The front panel 22 is attached to the front surface of the indoor heat exchanger 31 so as to cover the cabinet 21. The front panel 22 has a remote control housing portion 22a (concave portion) for embedding the remote control 25 in the center. The remote control 25 is installed by being embedded in the remote control storage portion 22a of the front panel 22 so that the front side of the front panel 22 is a flat surface. Further, the heat insulating plate 36 is attached between the front panel 22 and the indoor heat exchanger 31 in order to insulate the indoor air and the interior of the machine. The floor-mounted indoor unit 1 according to this embodiment is characterized by the configuration of the heat insulating plate 36 (details will be described later).
In the floor-mounted indoor unit 1, condensation may occur on the heat exchanger 31 during the cooling operation. In order to receive this condensed water (condensed water or condensed water), a drain pan 37 is provided immediately below the heat exchanger 31. The drain pan 37 is attached to the lower portion of the heat exchanger 31, and an electrical component box 38 is attached to the drain pan 37.

FIG. 3 is a cross-sectional view showing details of the vicinity of the heat insulating plate 36 of the floor-mounted indoor unit 1. FIG. 4 is a perspective view of the heat insulating plate 36 of the floor-standing indoor unit 1.
The heat insulating plate 36 uses a foam material such as a foam plastic heat insulating material as a material.
As shown in FIGS. 3 and 4, the heat insulating plate 36 protrudes toward the front panel 22 (the front side in FIGS. 3 and 4) on the lower surface side of the main body frame 361 and the rectangular main body frame 361. The lower surface convex part 362 and the upper surface convex part 363 which protrudes in the heat exchanger 31 side (back side of FIG. 3 and FIG. 4) in the upper surface side of the main body frame part 361 are provided.
As shown in FIG. 4, the heat insulating plate 36 is formed so that the lower surface convex portion 362 and the upper surface convex portion 363 are continuous with a smooth curved surface within the frame of the main body frame portion 361. In particular, the lower surface convex portion 362 and the upper surface convex portion 363 are formed with smooth S-shaped curves in a longitudinal cross-sectional view.

The bottom surface convex portion 362 is formed with a relief shape portion 364 that does not interfere with the remote control housing portion 22a (concave portion) of the front panel 22. As described above, the front panel 22 is formed with the remote control housing portion 22a for embedding the remote control 25 so that the front side of the front panel 22 is flat. For this reason, the back surface of the remote control housing part 22 protrudes toward the heat insulating plate 36. The lower surface convex portion 362 includes a relief shape portion 364 formed of a concave portion for avoiding interference with the remote control housing portion 22.
In the present embodiment, the relief shape portion 364 is formed on the lower surface convex portion 362. However, the relief shape portion 364 is arranged in the arrangement of the remote controller 25 embedded in the front panel 22 and the insulation plate 36. Varies depending on the relative position. For example, if the arrangement position of the remote controller 25 is above the position of FIG. 1, the relief shape portion 364 is a position over the upper surface convex portion 363. On the contrary, if the arrangement position of the remote controller 25 is below the position of FIG.

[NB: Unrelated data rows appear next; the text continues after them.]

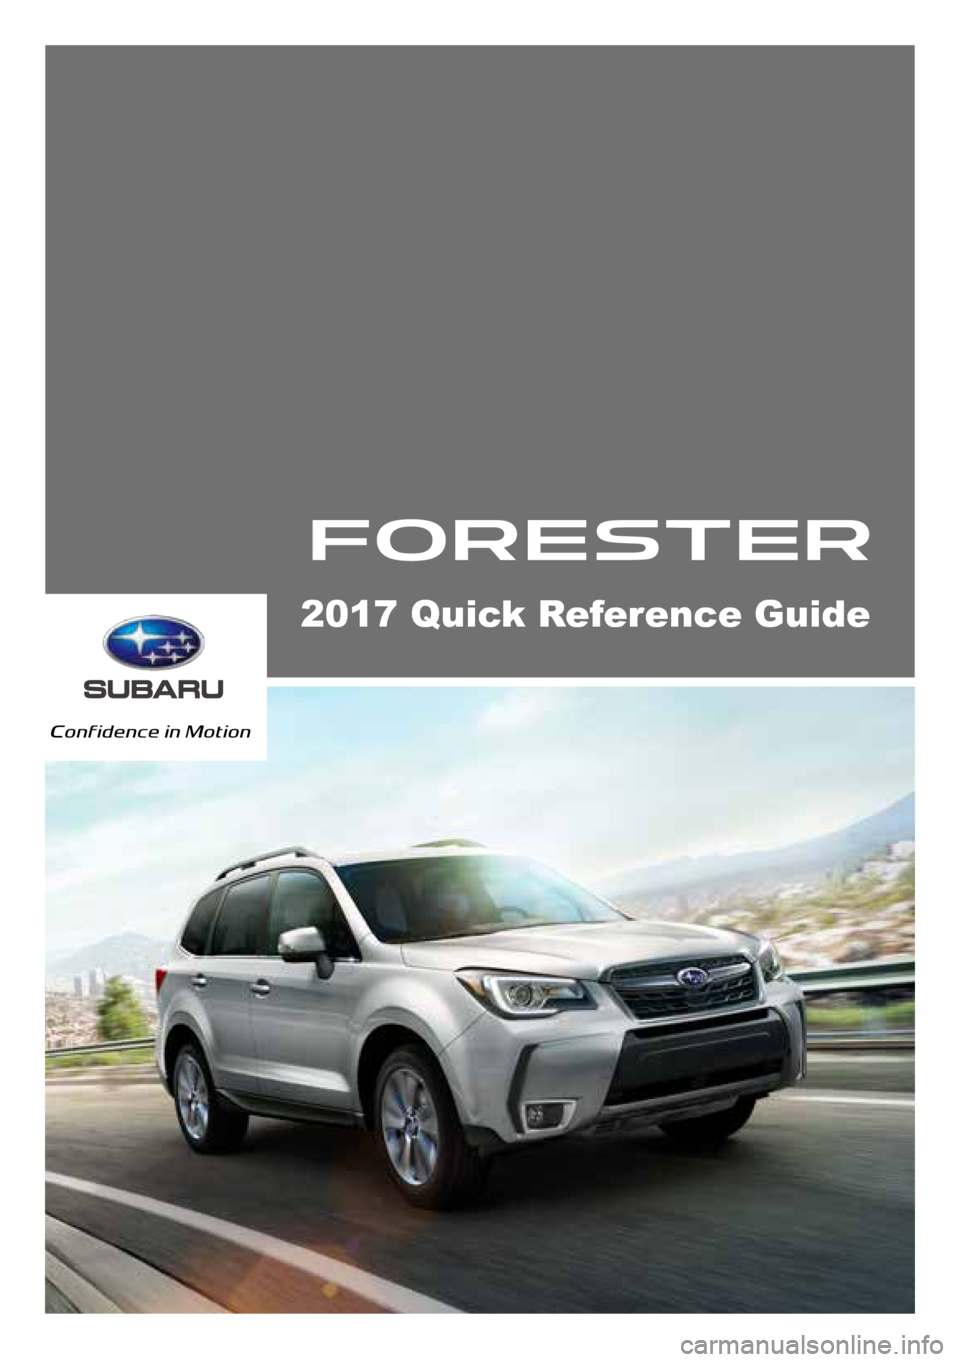 SUBARU FORESTER 2017 SJ / 4.G Quick Reference Guide 2017 Quick Reference Guide 
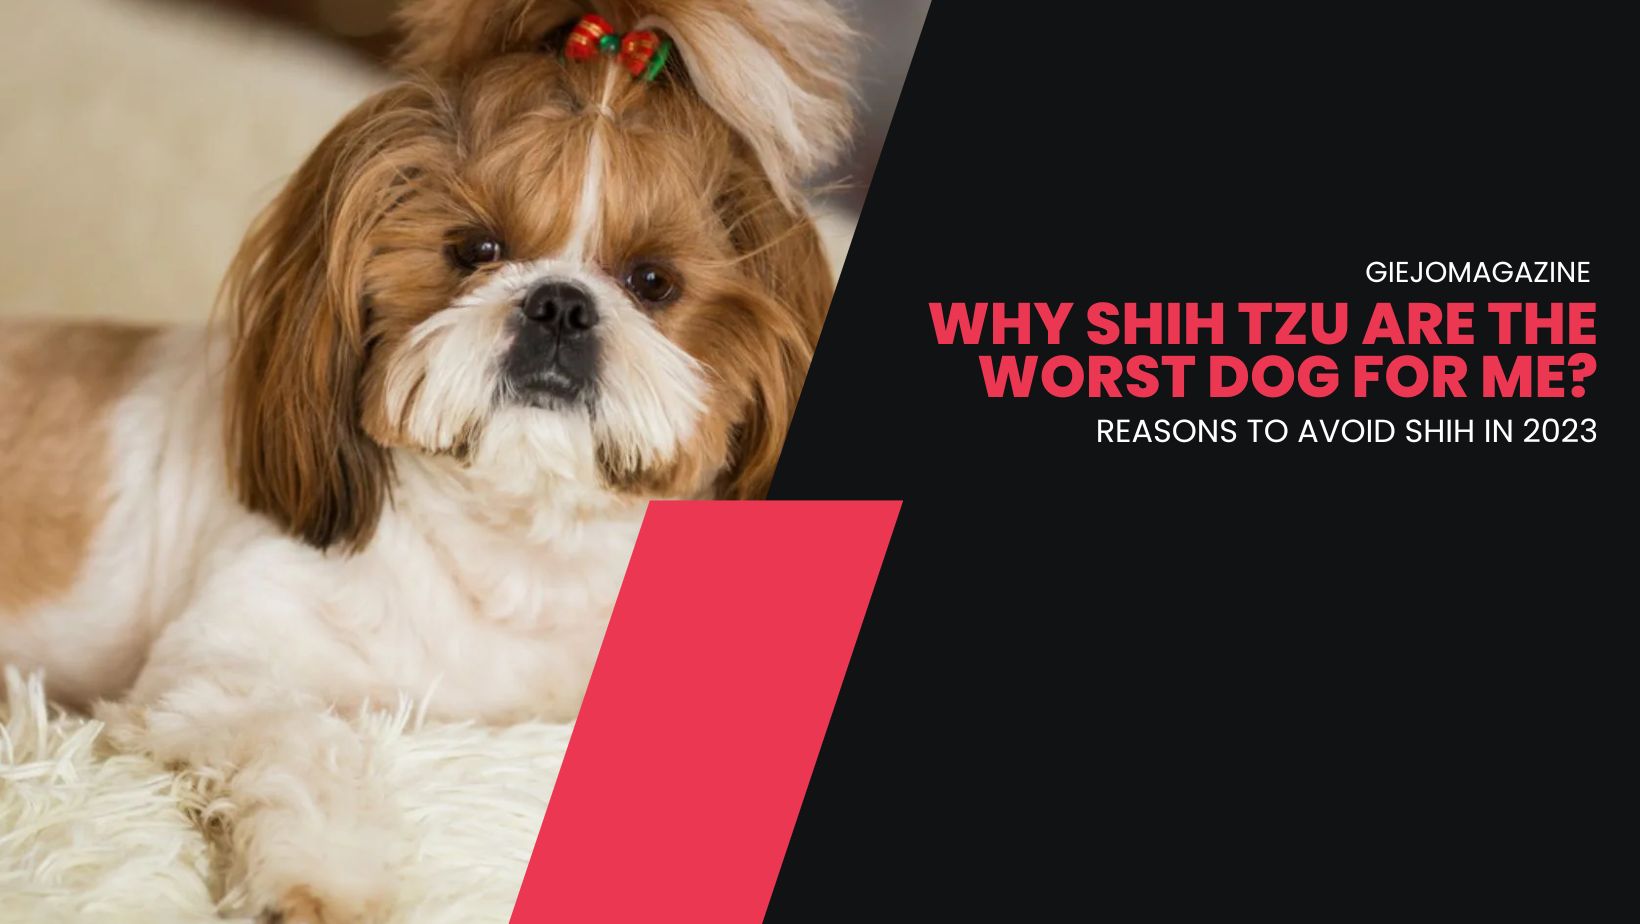 Why Shih TZU Are The Worst Dog for Me? 7 Reasons to Avoid Shih in 2023
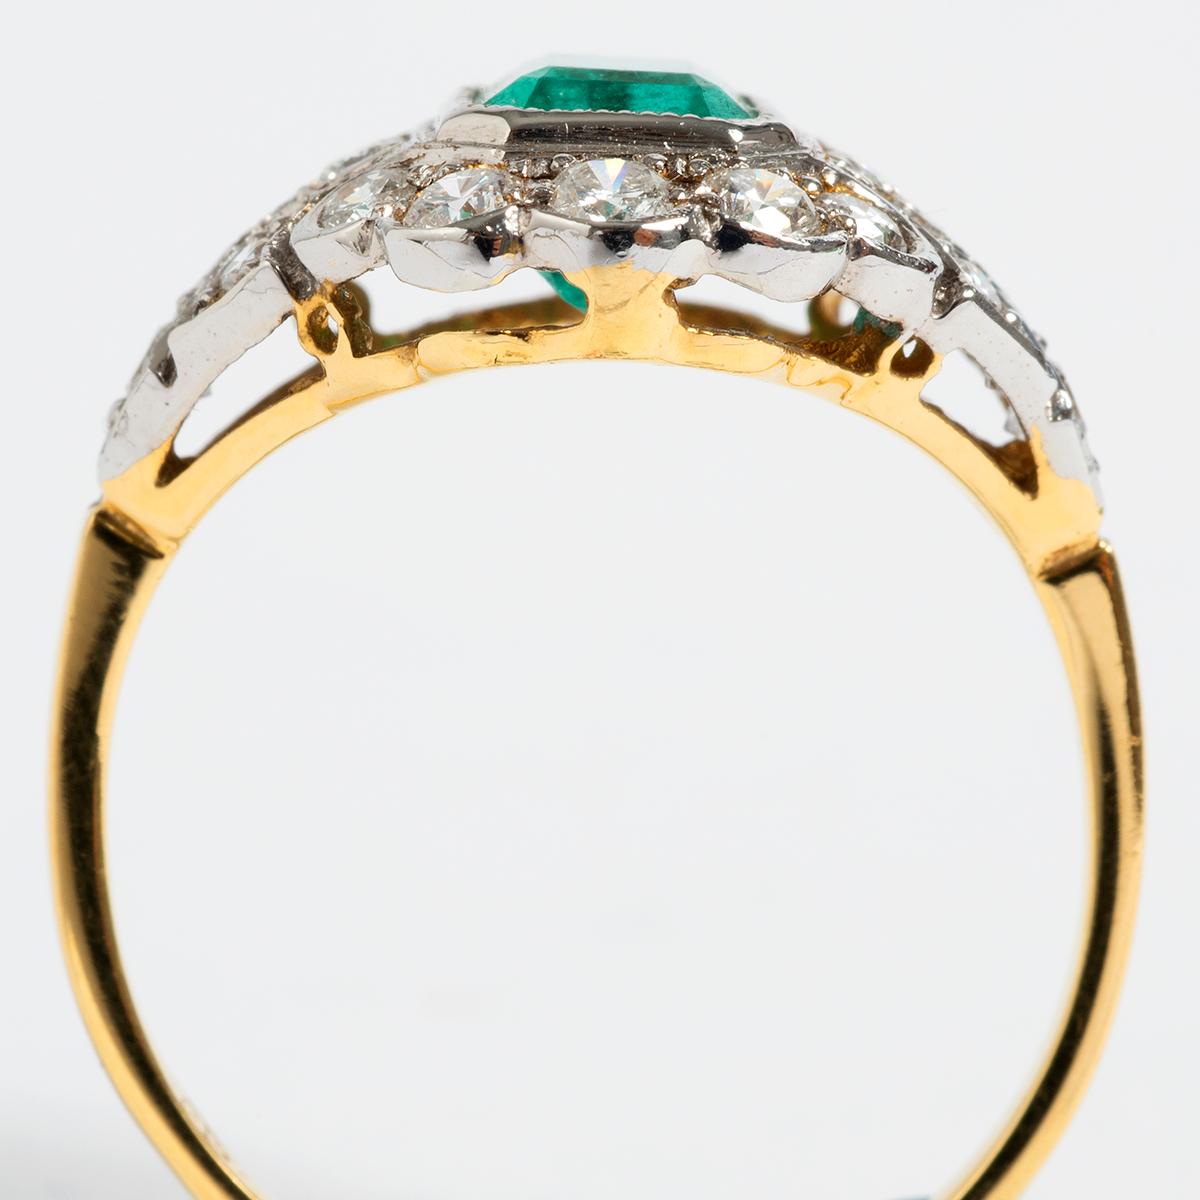 Mixed Cut Emerald (est 1.20ct) & Diamond (est .60ct) Cluster Ring, 18K Yellow Gold ... For Sale
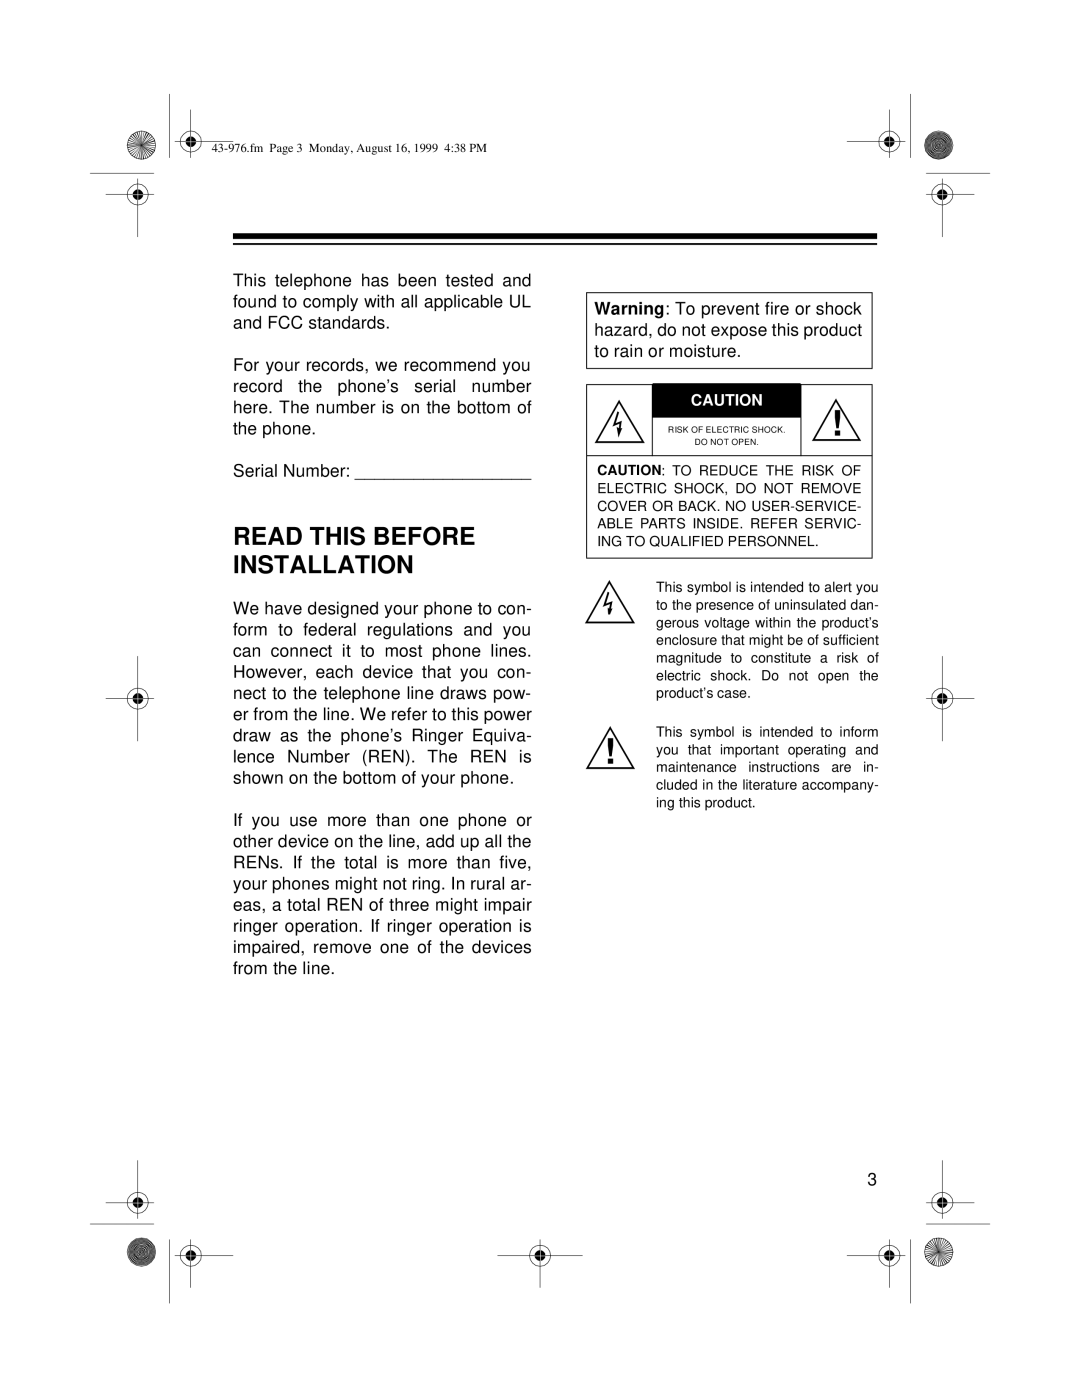 Radio Shack 1500 owner manual Read This Before Installation 
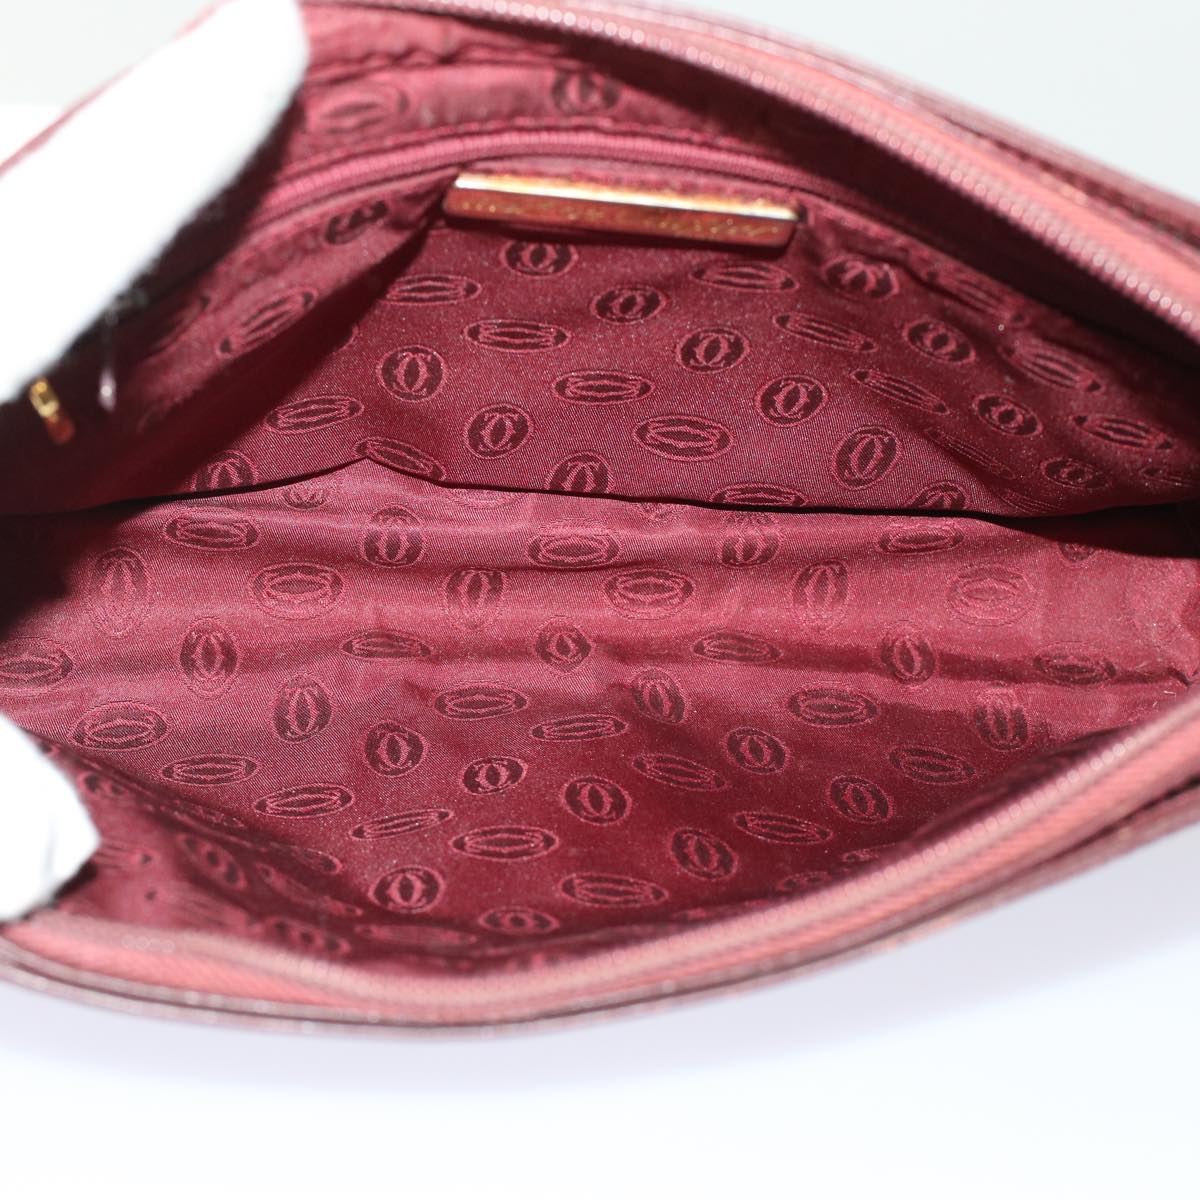 CELINE Cartier Macadam Canvas Clutch Bag Leather 3Set Wine Red Brown Auth bs6276

  The upper surface convex portion 363 has an upper end portion 363 a that is an upper end of the heat insulating plate 36. The upper end portion 363a has an R shape that is substantially orthogonal to the front panel 22 side, and is bent near the lower side of the outlet 35 to terminate. That is, the upper end portion 363 a constitutes the upper end of the heat insulating plate 36 and communicates with the lower vicinity of the outlet 35.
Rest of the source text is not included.